Harlan, Edgar Rubey. A Narrative History of the People of Iowa.
Vol III. Chicago: American Historical Society,  1931

     p. 303

     THE HOLY NAME CATHOLIC CHURCH OF MARCUS. The first members of the Catholic faith to settle at Marcus, Cherokee County, in 1872, were of Irish and German descent, and for five years were obliged to worship individually or in one or another private residence sufficiently large to accommodate a gathering. In 1877 the comparatively few Catholics at this settlement built the first church structure of that denomination, a small frame building, very modestly furnished. Father Meis, of Le Mars, was the first priest to say mass in this humble place of worship, which later, from 1878 until 1883, was attended as a mission from Storm Lake by Fathers Gaffney and Slattery.
     In 1882 the second church structure was built, and this building still stands, being located two blocks north of the present brick church, erected in 1915. The rectory, which still stands but not now owned or used by the church, was built while Father Gilchrist was pastor in 1885, and in 1890 the first convent school was built, on the site of the present rectory, by Father Hennessy, who was pastor at that time, although the school was opened by Father John O'Reilly, who succeeded Father Hennessy. This school building was sold in 1914 and moved to the business district and is now used as the Marcus Hotel. The present fine new school building was then built.. Father O'Reilly secured the Sisters, B.V.M., to conduct the school, which was named Loretto Convent. At that time the congregation was scarcely prepared for this innovation and the Sisters suffered with patience and humility during that winter because of poor accommodations and inadequate heating. By their forebearance the Sisters won the love and respect of the parish and the names of Mother Superior Alexandra and Sisters Ingratia (music), Lomne and Louanna will long be remembered with affection. In 1915 the new church and new school were built by Father Edward O'Reilly, the work being all planned and completed within the space of two years. The church has a membership of 150 families, while Holy Name School has 175 pupils, with nine Sisters in charge. The names of the priests who have served this parish regularly are: Father Gilchrist, 1884-1886; Father Michael Hennessy, 1888-1891; Father John O'Reilly, 1891-1903; Father John Phelan, 1903-1906; Father Edward O'Reilly, 1906-1919; and Father George Cooke, 1920 to the present.

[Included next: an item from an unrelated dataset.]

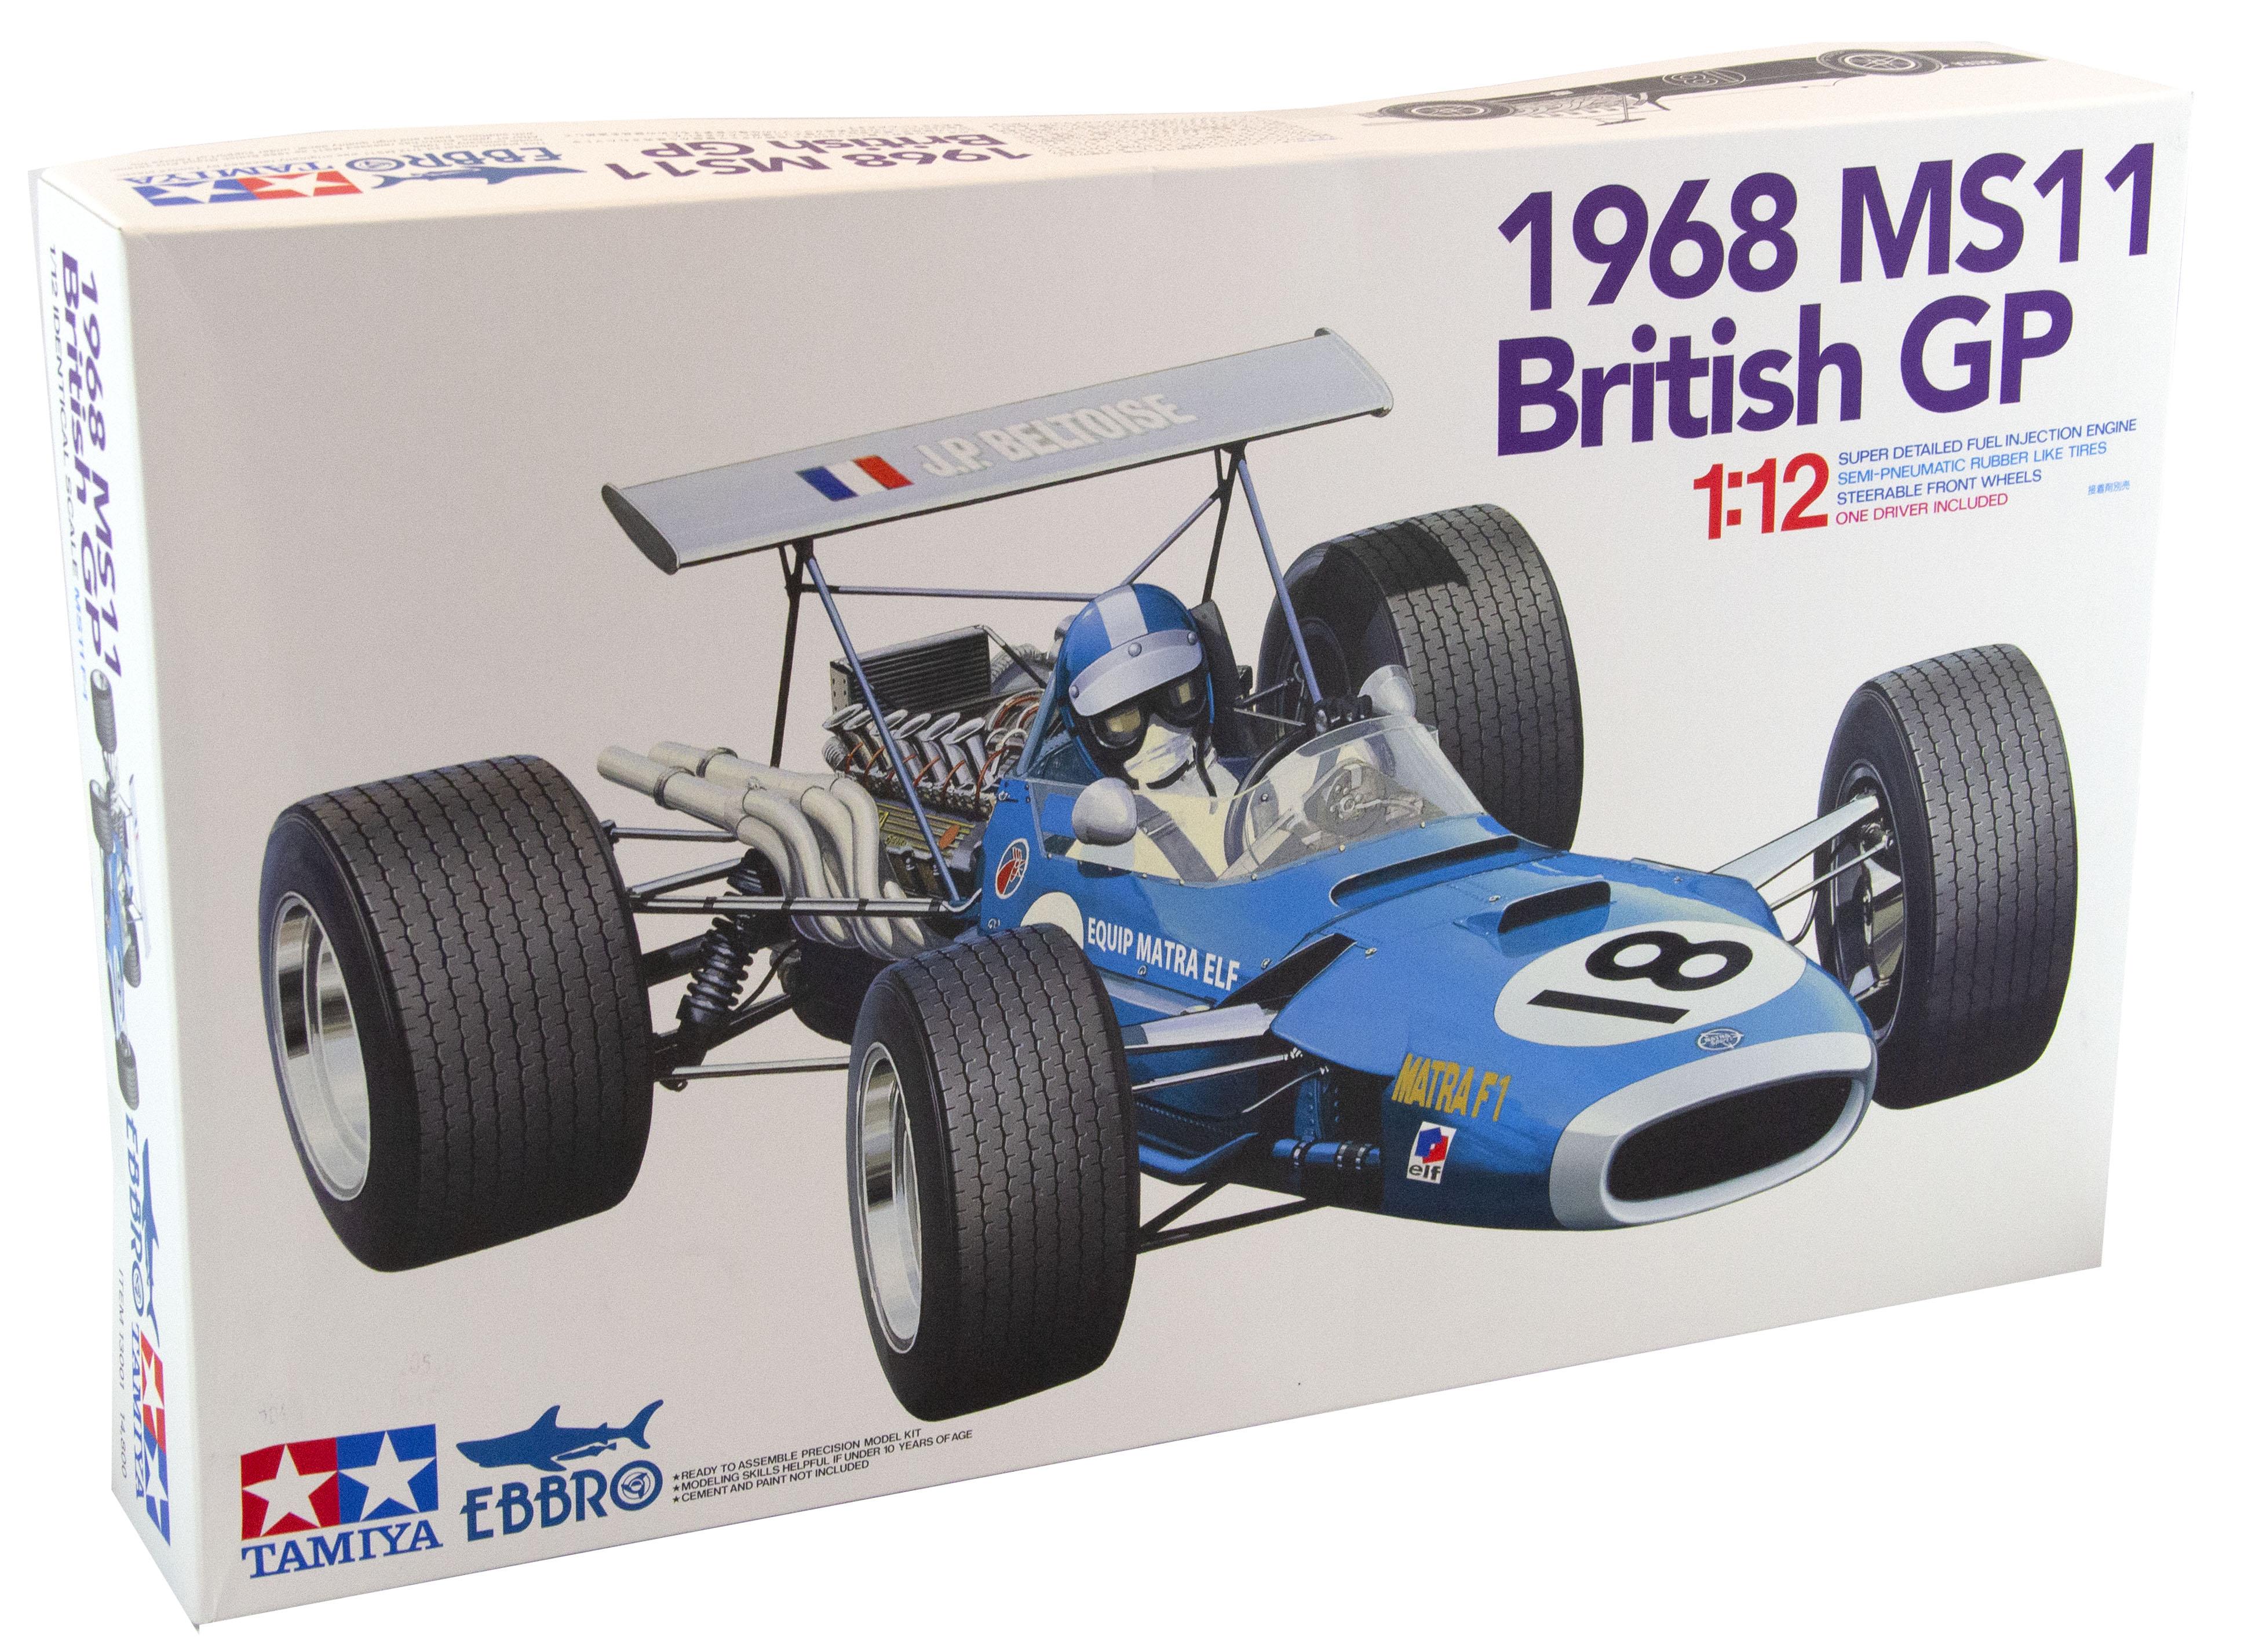 KIT F1 MANTRA MS11 BRITISH GP 1968 - 1/12

     Father Edward O'Reilly was appointed pastor of Holy Name Church of Marcus in 1906 and here accomplished a work that established the church firmly and made him one of the most beloved citizens of the community. The church, parochial school house, costing $100,000, were dedicated in September, 1916, and at the time of Father O'Reilly's death the property was entirely free from indebtedness.

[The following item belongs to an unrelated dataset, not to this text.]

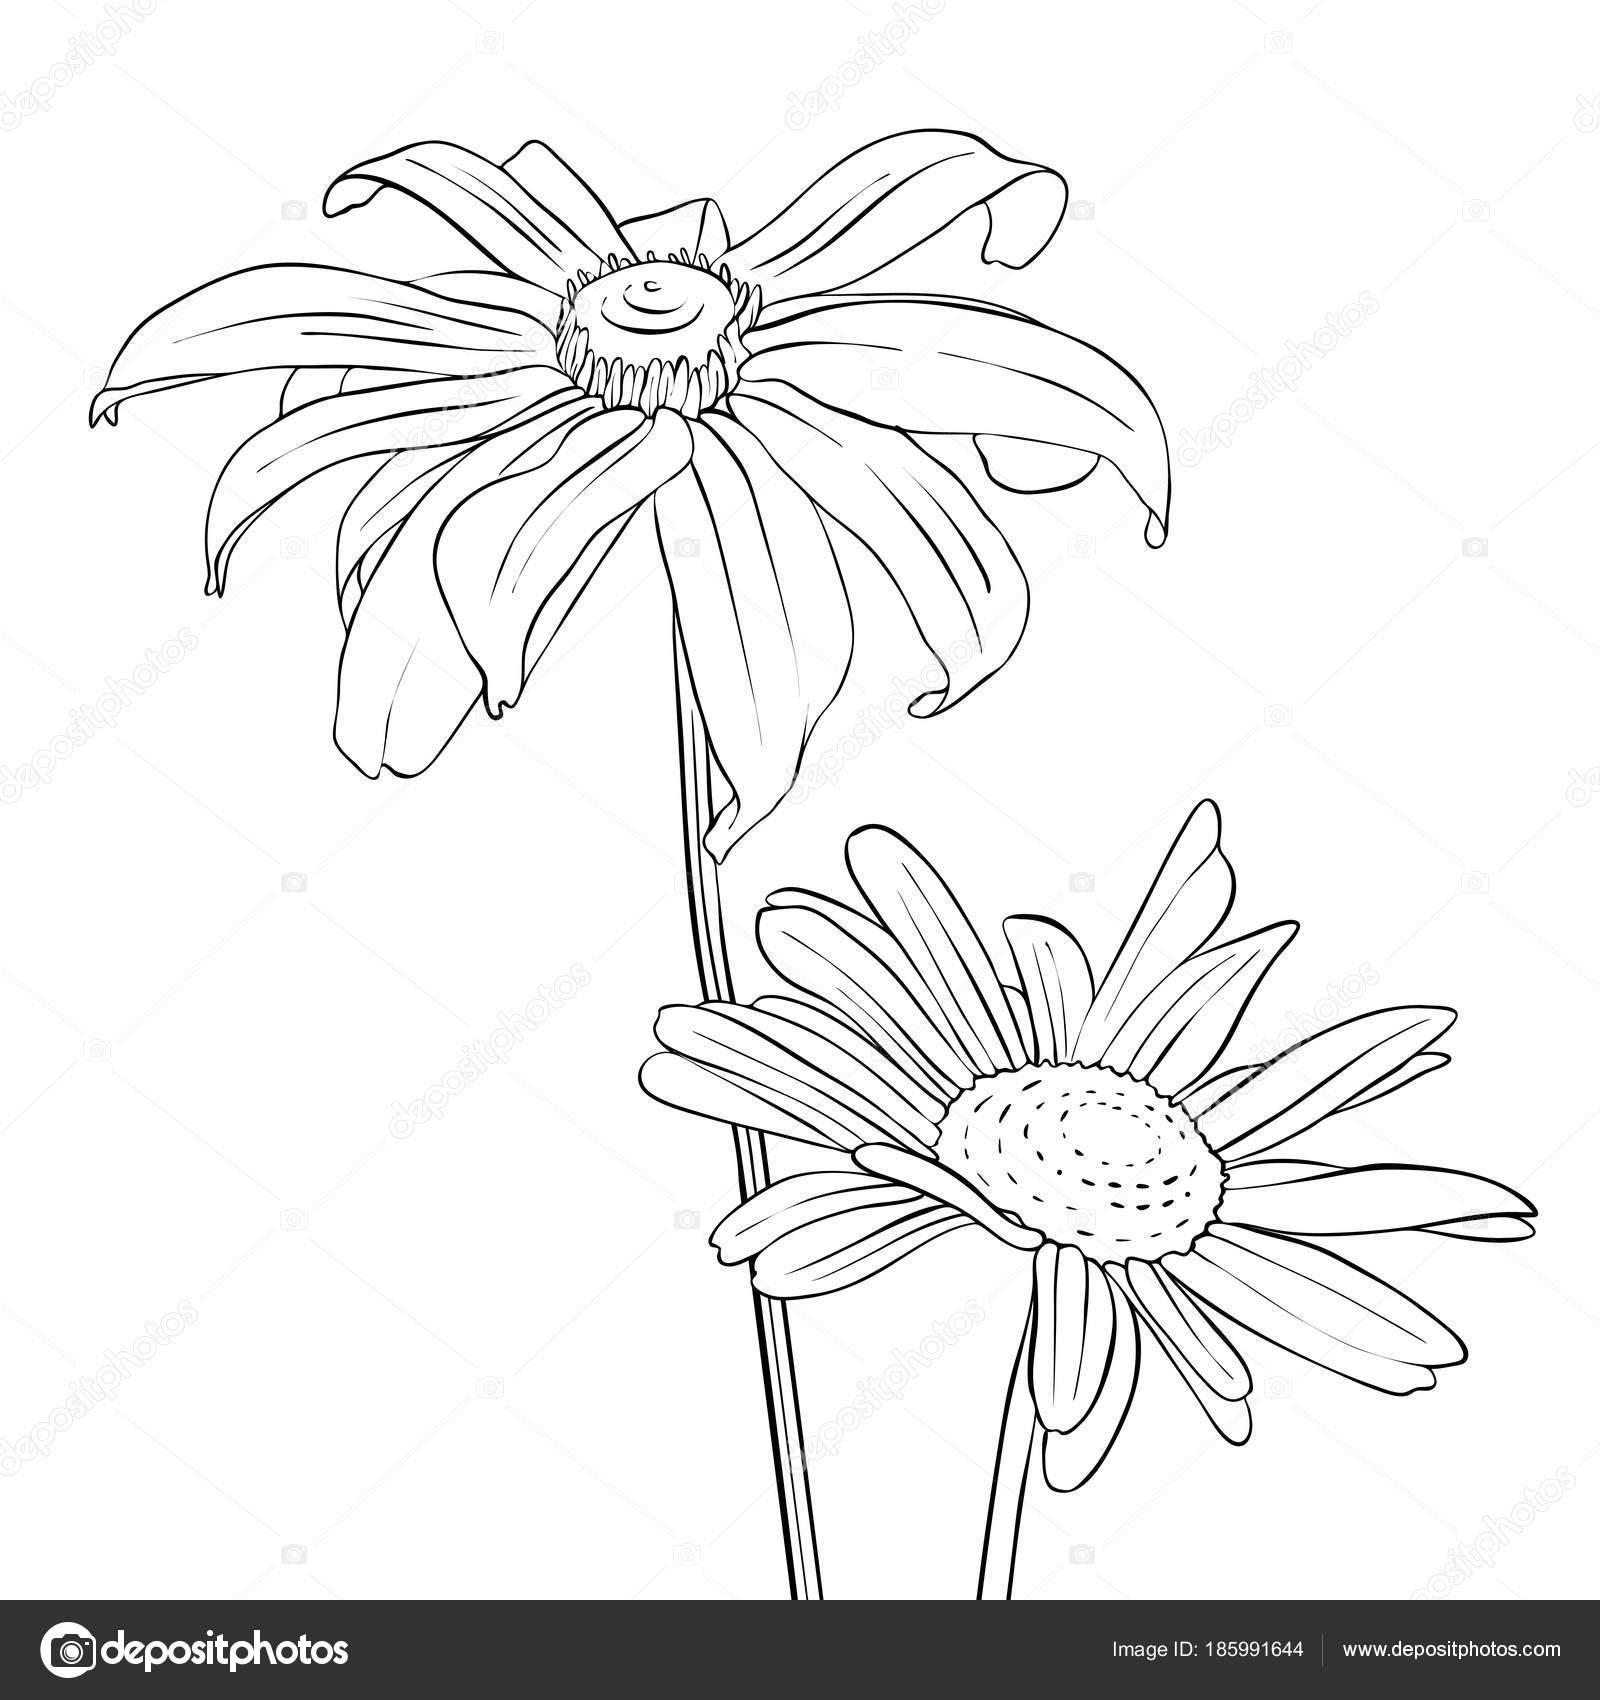 Vector drawing flowers of daisy stock vector catarchangel vector drawing flowers of daisy stock vector izmirmasajfo Choice Image

     Father O'Reilly was born at Ballemacaugh, County Cavan, Ireland, in 1870, a member of a well-to-do and prominent Irish family, and after attending a seminary entered, in 1889, All Hallows College, Dublin. He was ordained to the priesthood June 24, 1894, and in September of that year came to the United States and was appointed assistant to Monsignor Ryan, pastor of Saint Patrick's Church, Dubuque, Iowa, later being assistant to Archbishop Hennessy. He was appointed pastor at West Bend, Iowa, where his parishioners were all German people, which necessitated Father O'Reilly's learning the German language. This he did and was able to speak German fluently. Later he was assigned to Sibley, Iowa, where he served eight years, during which he built a new parish house and improved the church. His work at Marcus has already been touched upon, and when he died, October, 17, 1919, the entire community was plunged into mourning, his funeral, the largest ever held at Marcus, being attended by more than 1,000 persons, including Catholic priests from all over the state.
     Father George Cooke, the present pastor, was born in Ireland, May 30, 1870. He received his early education at Dublin, where he was prepared for the priesthood at All Hallows College, and on coming to the United States was assistant priest at Sioux City, Iowa. Subsequently he was in charge at Larchmond, Iowa, for twelve years, and at Anthon for ten years, and in July, 1920, was assigned to his present charge. He has carried on the good work started by his predecessor, and is a man who has the universal confidence, esteem and friendship of the people of his community.